Thousands of rebels from neighboring Rwanda and Uganda remain in the Democratic Republic of Congo despite a deadline that expired on Friday for them to lay down their weapons and go home. The gunmen have been at the center of a decade of fighting in Congo, which is officially over, but threatens to reignite as Rwanda and Uganda say Congo-based rebels pose a threat to their national security.

Another deadline expired in Africa's war-torn Great Lakes Region on Friday, but there was little change on the ground.

More than 10,000 Rwandan and Ugandan rebels based in Congo's lawless east had been given until the end of the month to go home.

Very few, if any, have. In fact, during the last week, some 400 fighters from yet another Ugandan rebel group, the Lord's Resistance Army (LRA), which has decimated northern Uganda for decades, arrived in the remote north east of Congo.

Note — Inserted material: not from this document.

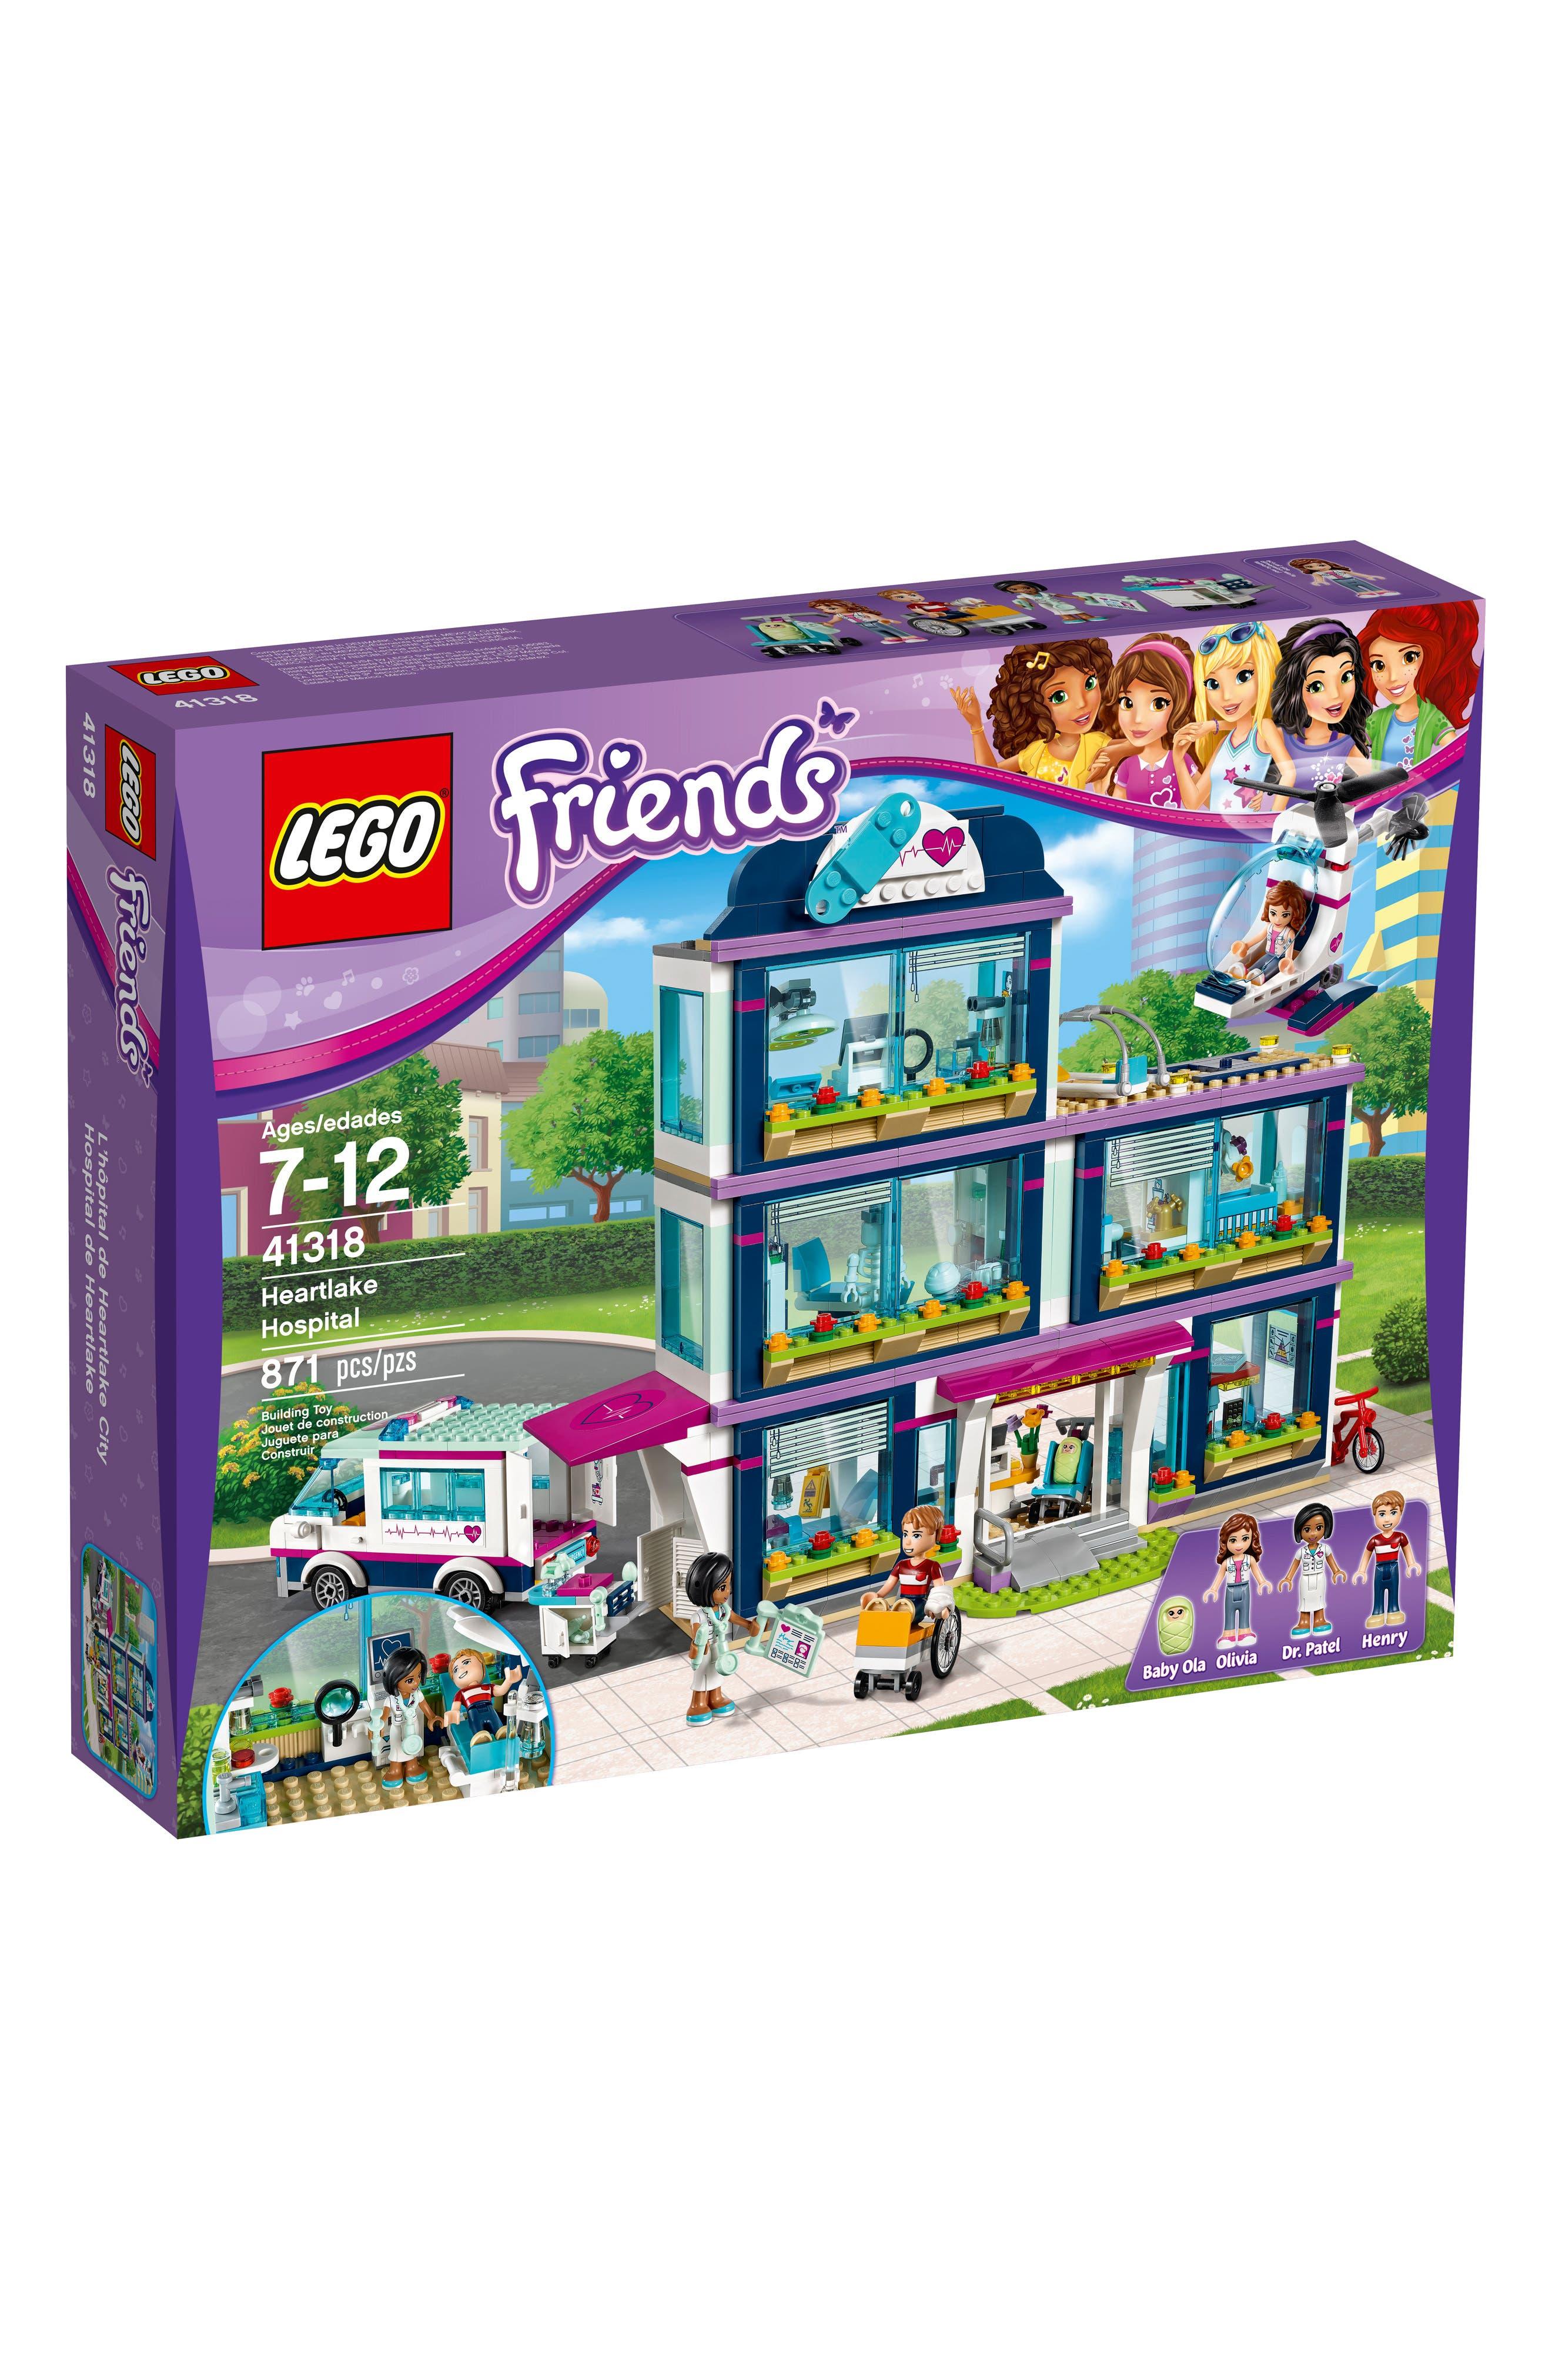 Friends Heartlake Hospital Play Set - 41318,                             Main thumbnail 1, color,                             400

Their arrival prompted Uganda's president Yoweri Museveni to renew threats to send troops into the Congo to disarm Ugandan rebels if Kinshasa's fledgling army or the United Nations peacekeeping force did not.

Uganda and Rwanda have twice sent their armies into Congo on the pretext of hunting down their rebels there. They and several other foreign armies became embroiled in a five-year war that has killed nearly four million people.

Two years after peace officially returned, the presence of the rebels, in particular Rwandan Hutu rebels, many of whom took part in the 1994 genocide, threatens the fragile peace process and attempts to hold elections in the vast country.

Congo's government and army remain deeply divided and, although the U.N. mission in Congo is the world's largest, peacekeepers say they are stretched thin trying to protect civilians in a land still ruled by the gun.

The African Union has repeatedly vowed to disarm the Rwandan rebels but, without a single soldier on the ground, is even further from doing so than the U.N.

As a result, diplomats say deadlines and threats are pointless as there is no way to enforce them in the wilds of eastern Congo.

Critics accuse Uganda and Rwanda of exaggerating the threat posed by their rebels in order to distract attention from problems back home.

While recognizing the need for Congo to rebuild its military capability, analysts also call for political pressure on her two neighbors to resolve their own internal disputes without dragging down the chaotic heart of Africa.